Glossary of terms

The following table defines the terms associated with radioactive waste.

Term Definition
alpha emitter A radioisotope that emits an alpha particle when it decays.
alpha particle A positively charged particle containing two protons and two neutrons which is emitted by certain radioisotopes.
atom The smallest quantity of an element that can take part in a chemical reaction. Atoms are made up of a nucleus containing protons and neutrons, which is surrounded by clouds of electrons.
background radiation Low level radiation from small amounts of radioisotopes in the surrounding soil, water, atmosphere, buildings, and so forth.
becquerel (Bq) The international standard unit of measurement of radioactivity, defined as one radioactive disintegration per second.
beta emitter A radioisotope that emits a beta particle when it decays.
beta particle An electron or positron emitted by the nucleus of a radionuclide during radioactive decay.
cosmic radiation Radiation that reaches the Earth from outer space.
decay product The product of the spontaneous radioactive decay of a nuclide.
disposal The emplacement of waste in an approved, specified facility without the intention of retrieval.

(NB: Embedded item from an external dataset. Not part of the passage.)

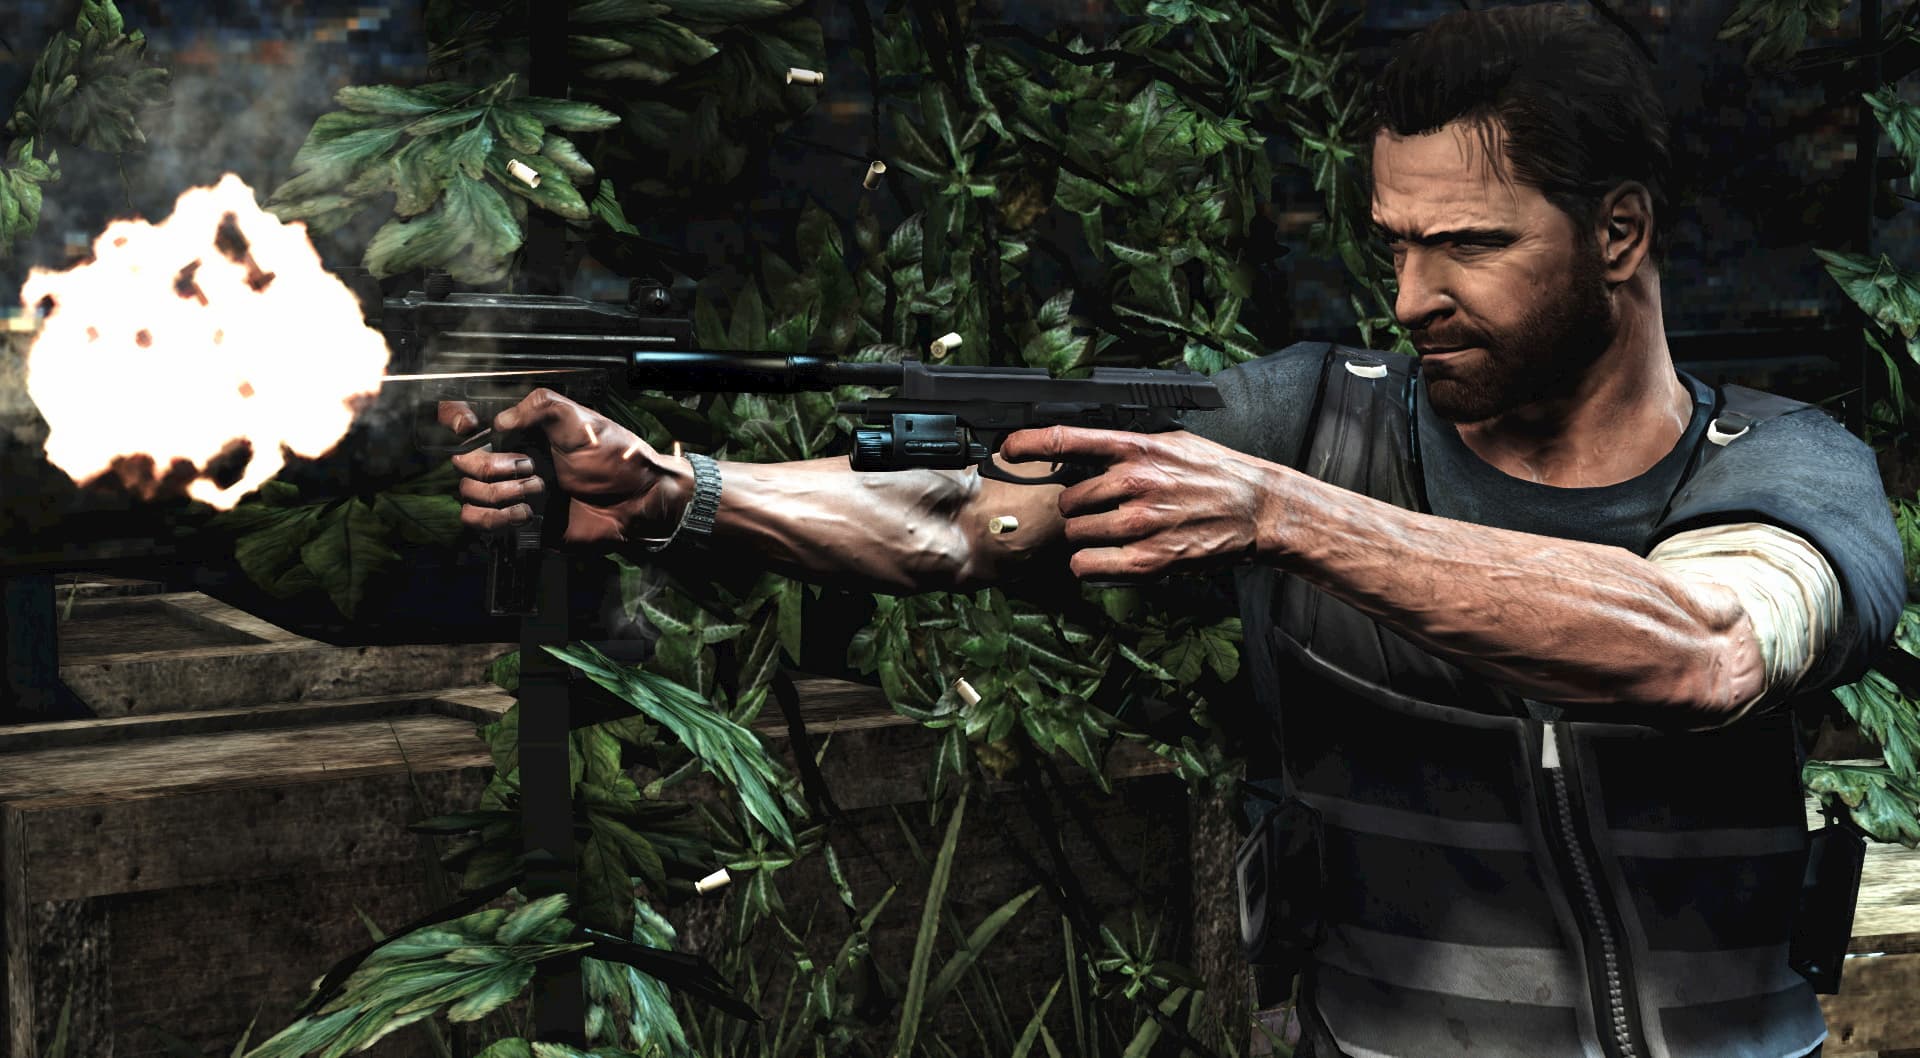 Buy Max Payne 3 Complete Pack Rockstar
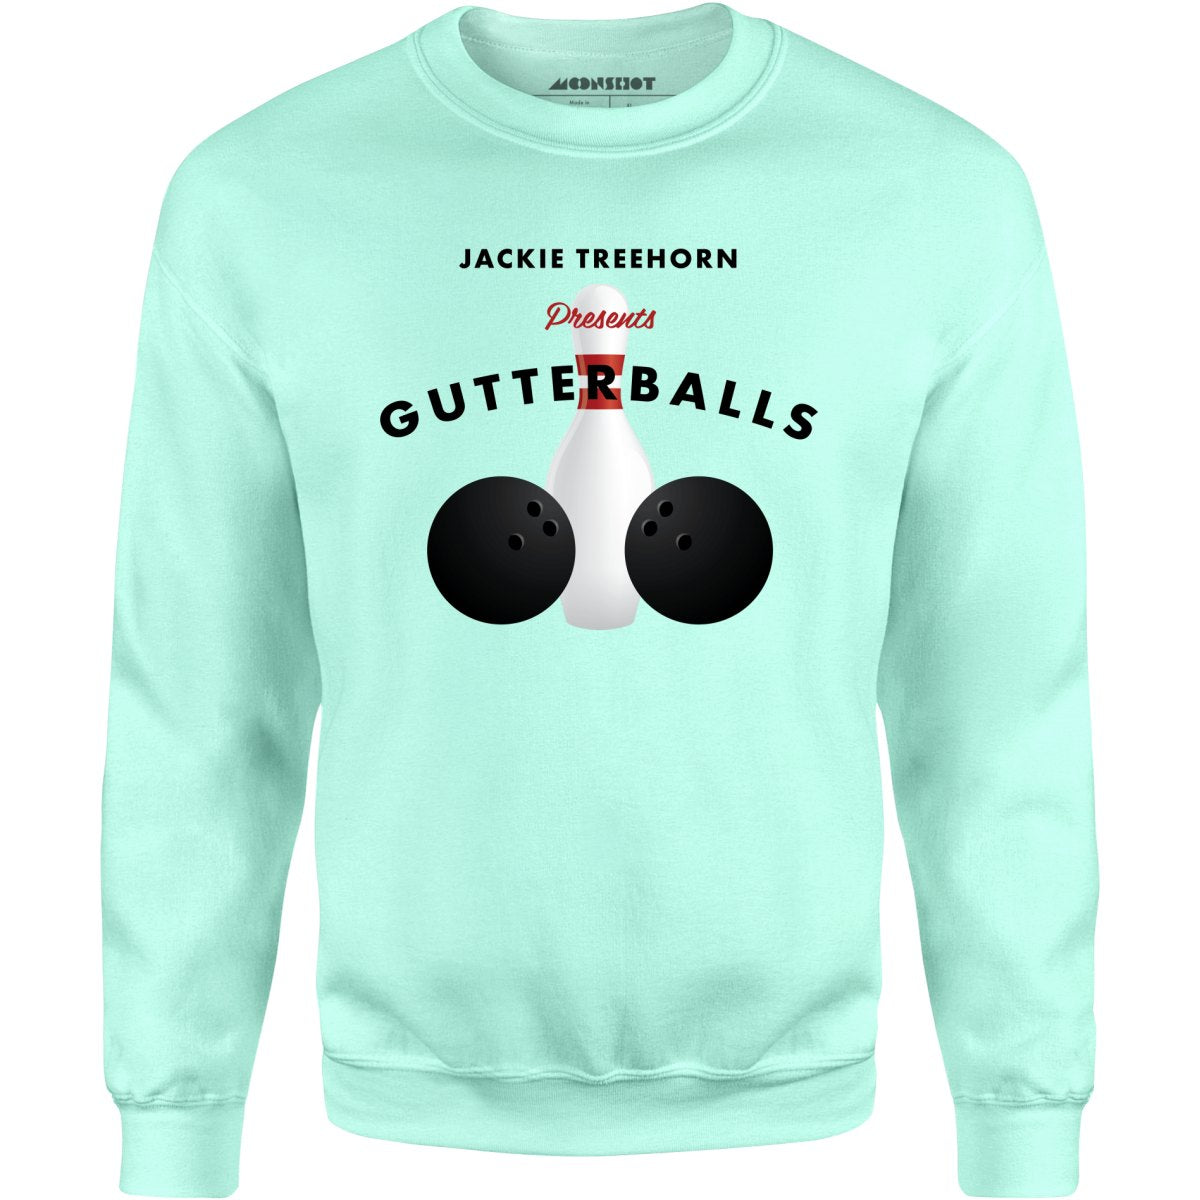 Jackie Treehorn Presents Gutterballs - Unisex Sweatshirt

engineered barrier A feature made or altered by humans that delays or prevents radionuclide migration from the waste or the disposal structure into its surroundings. It may be part of the waste package or part of the disposal structure.
gamma emitter A radioisotope that emits gamma rays when it decays.
gamma rays High energy radiation similar to X-rays.
irradiation Subjection to ionising radiation.
isotope One of two or more forms of a chemical element having the same number of protons but a different number of neutrons. All isotopes of the same element have the same chemical properties, and therefore cannot be separated by chemical means.
kilowatt (kW) One thousand watts. A watt is the international standard unit of measurement of power, equal to one joule per second.
near-surface disposal Disposal of waste, with or without engineered barriers, on or below the ground surface, where the final protective covering is of the order of a few metres thick, or in caverns a few tens of metres below the Earth's surface.
nuclide An atom of a particular element distinguished by the number of protons and neutrons in its nucleus.
radioactive waste Material that contains or is contaminated with radionuclides at concentrations or activities greater than clearance levels as established by the regulatory body, and for which no use is foreseen.
radiation Release of energy through the decay of unstable atoms.
radiography Production of images through use of radioactive materials, used in medicine, industry, etc.
radioisotope Any isotope which is unstable and undergoes natural radioactive decay.
radionuclide Any nuclide which is unstable and undergoes natural radioactive decay.
radiopharmaceutical A therapeutic drug that contains radioactive material.
sievert (Sv) The international standard unit of measurement of effective dose, dose being the amount of energy delivered to a mass of material by ionising radiation passing through it. The average person receives a dose of approximately 1.5 milliSieverts of background radiation each year. For more information on radiation doses, see Related documents.
storage Storage of radioactive materials such that isolation, monitoring, environmental protection and human control are provided, and subsequent action involving treatment, transport and disposal is expected.